Material provided

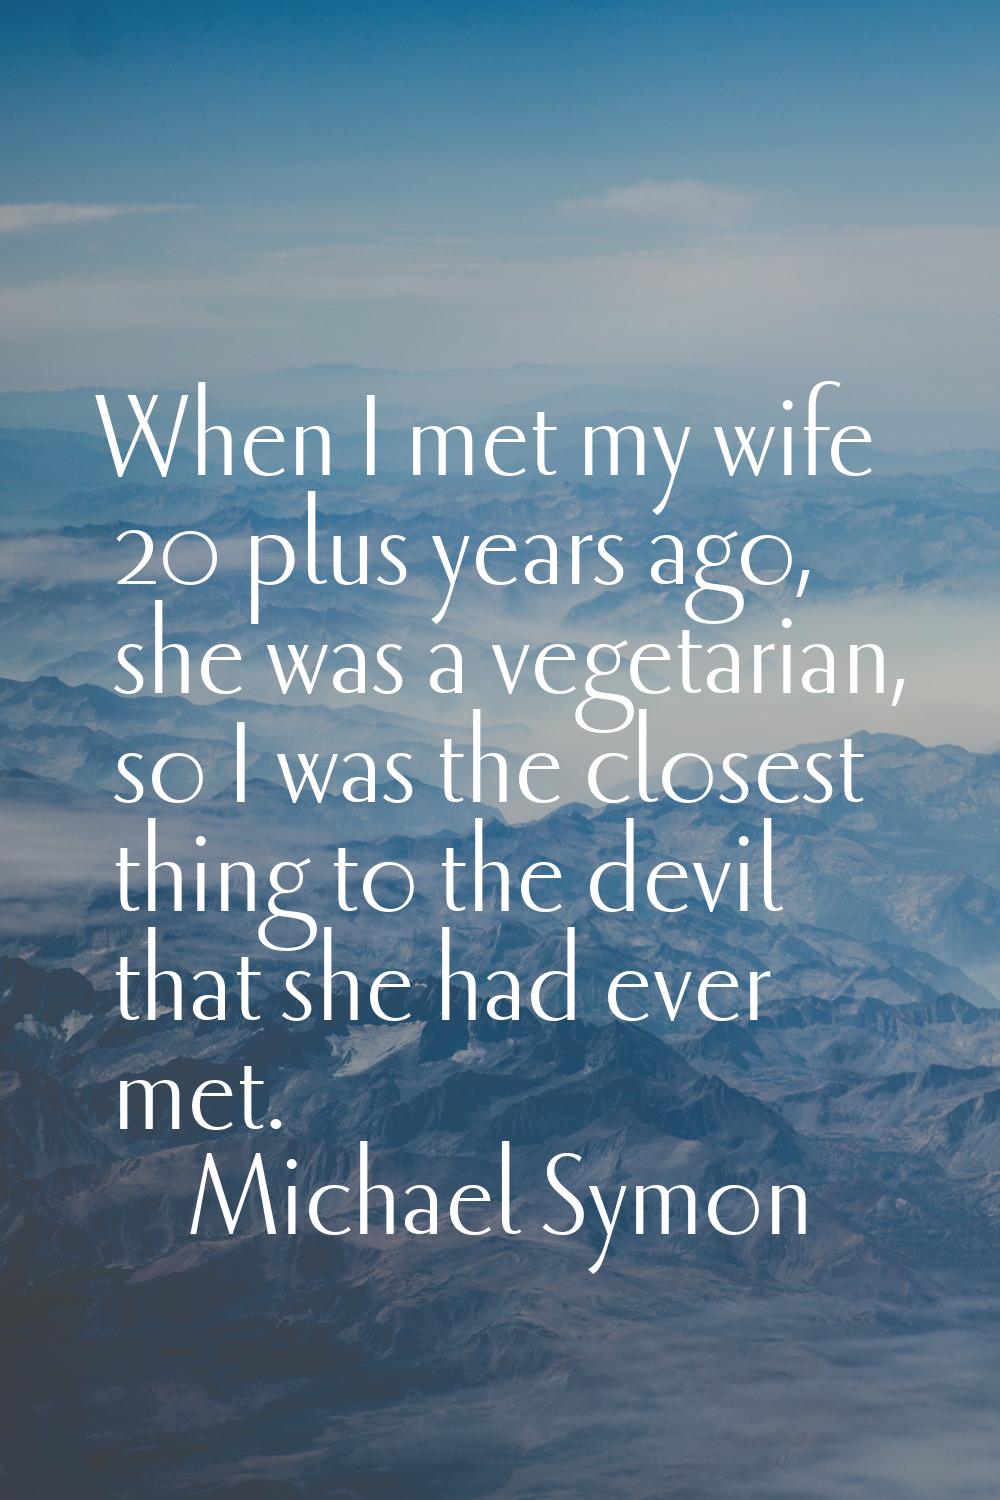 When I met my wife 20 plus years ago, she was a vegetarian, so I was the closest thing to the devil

---

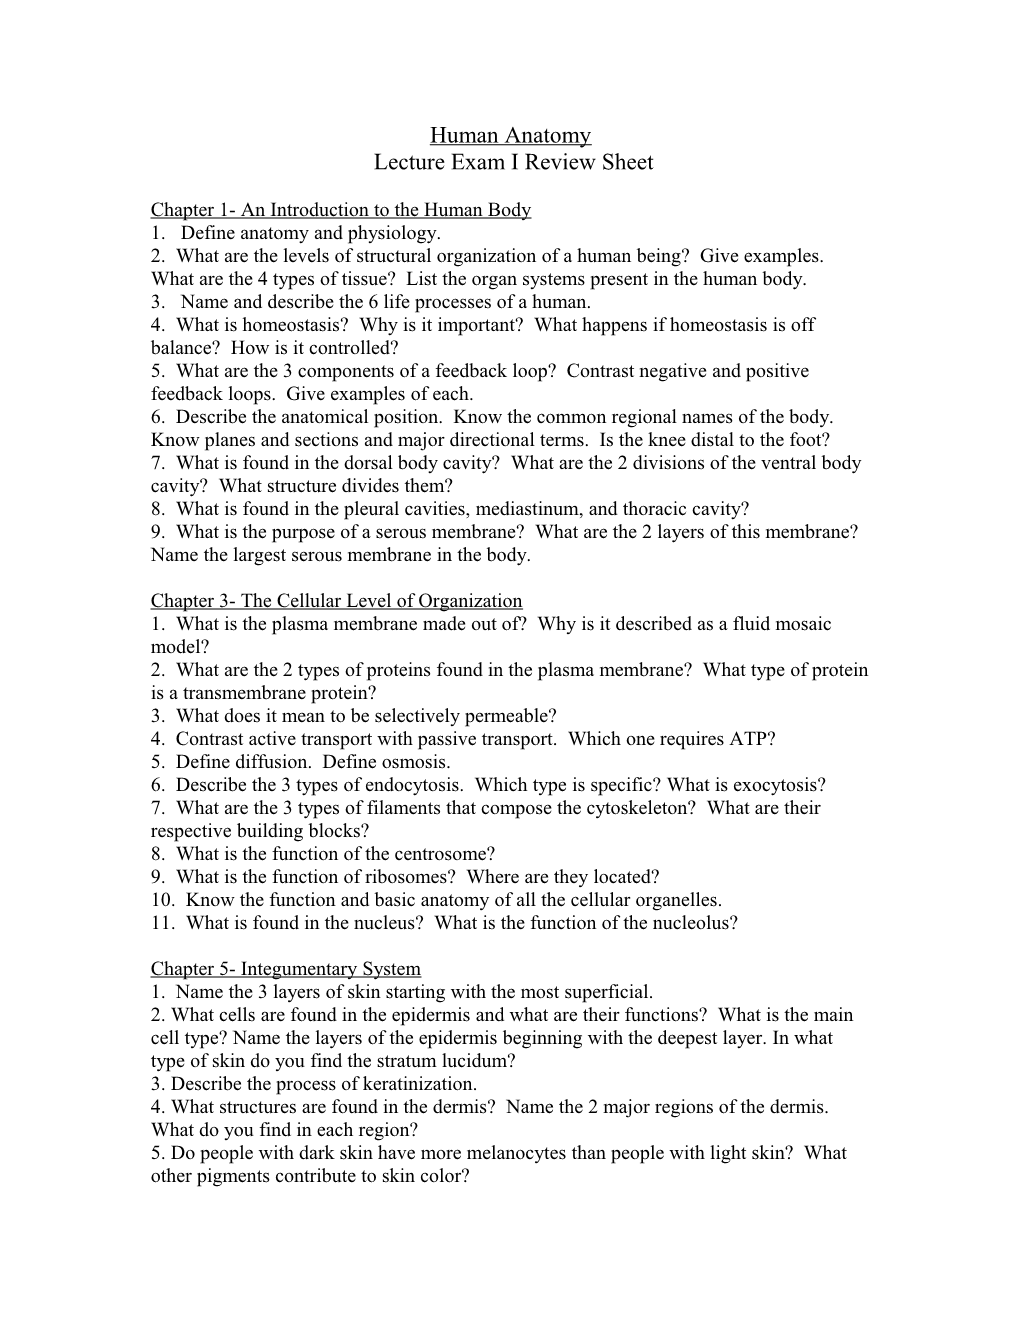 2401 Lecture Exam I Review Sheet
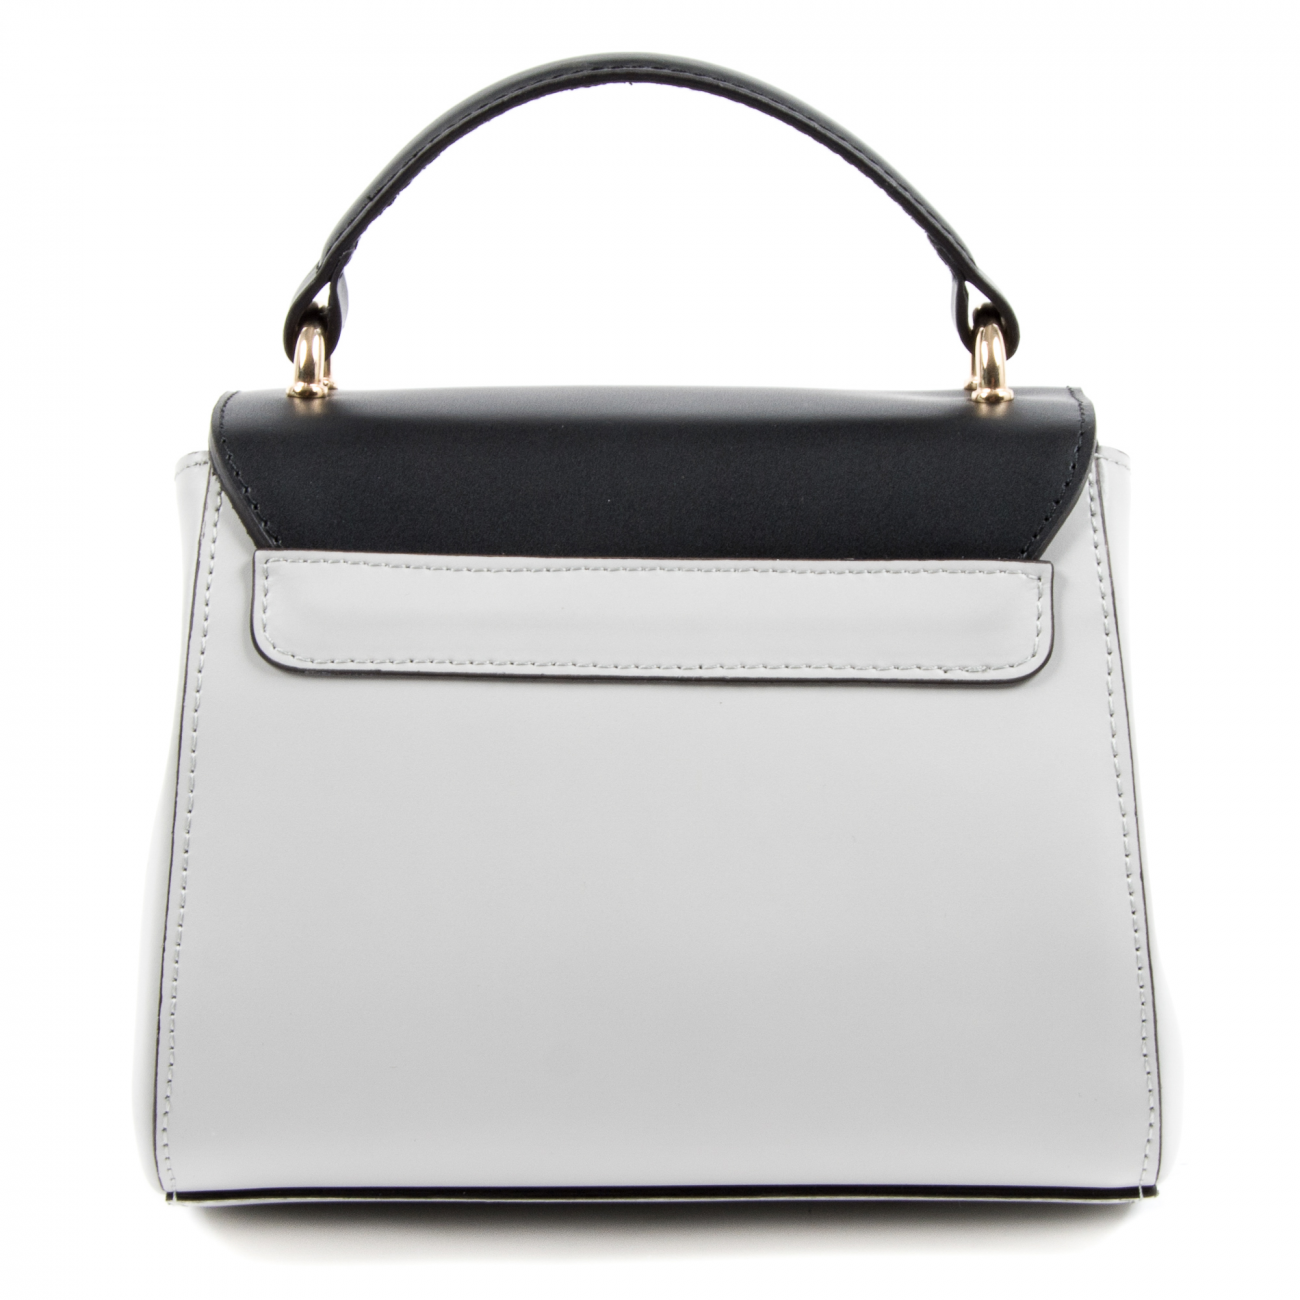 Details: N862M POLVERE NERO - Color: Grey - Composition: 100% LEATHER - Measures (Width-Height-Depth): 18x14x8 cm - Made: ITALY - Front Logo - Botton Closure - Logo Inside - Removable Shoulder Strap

What is required
Exercise for the records above: copy only the lines from the one with "2401 Lecture Exam I Review Sheet" to the one with "Details: N862M POLVERE", both ends kept, and drop the pictures.

The answer
 2401 Lecture Exam I Review Sheet
 Details: N862M POLVERE NERO - Color: Grey - Composition: 100% LEATHER - Measures (Width-Height-Depth): 18x14x8 cm - Made: ITALY - Front Logo - Botton Closure - Logo Inside - Removable Shoulder Strap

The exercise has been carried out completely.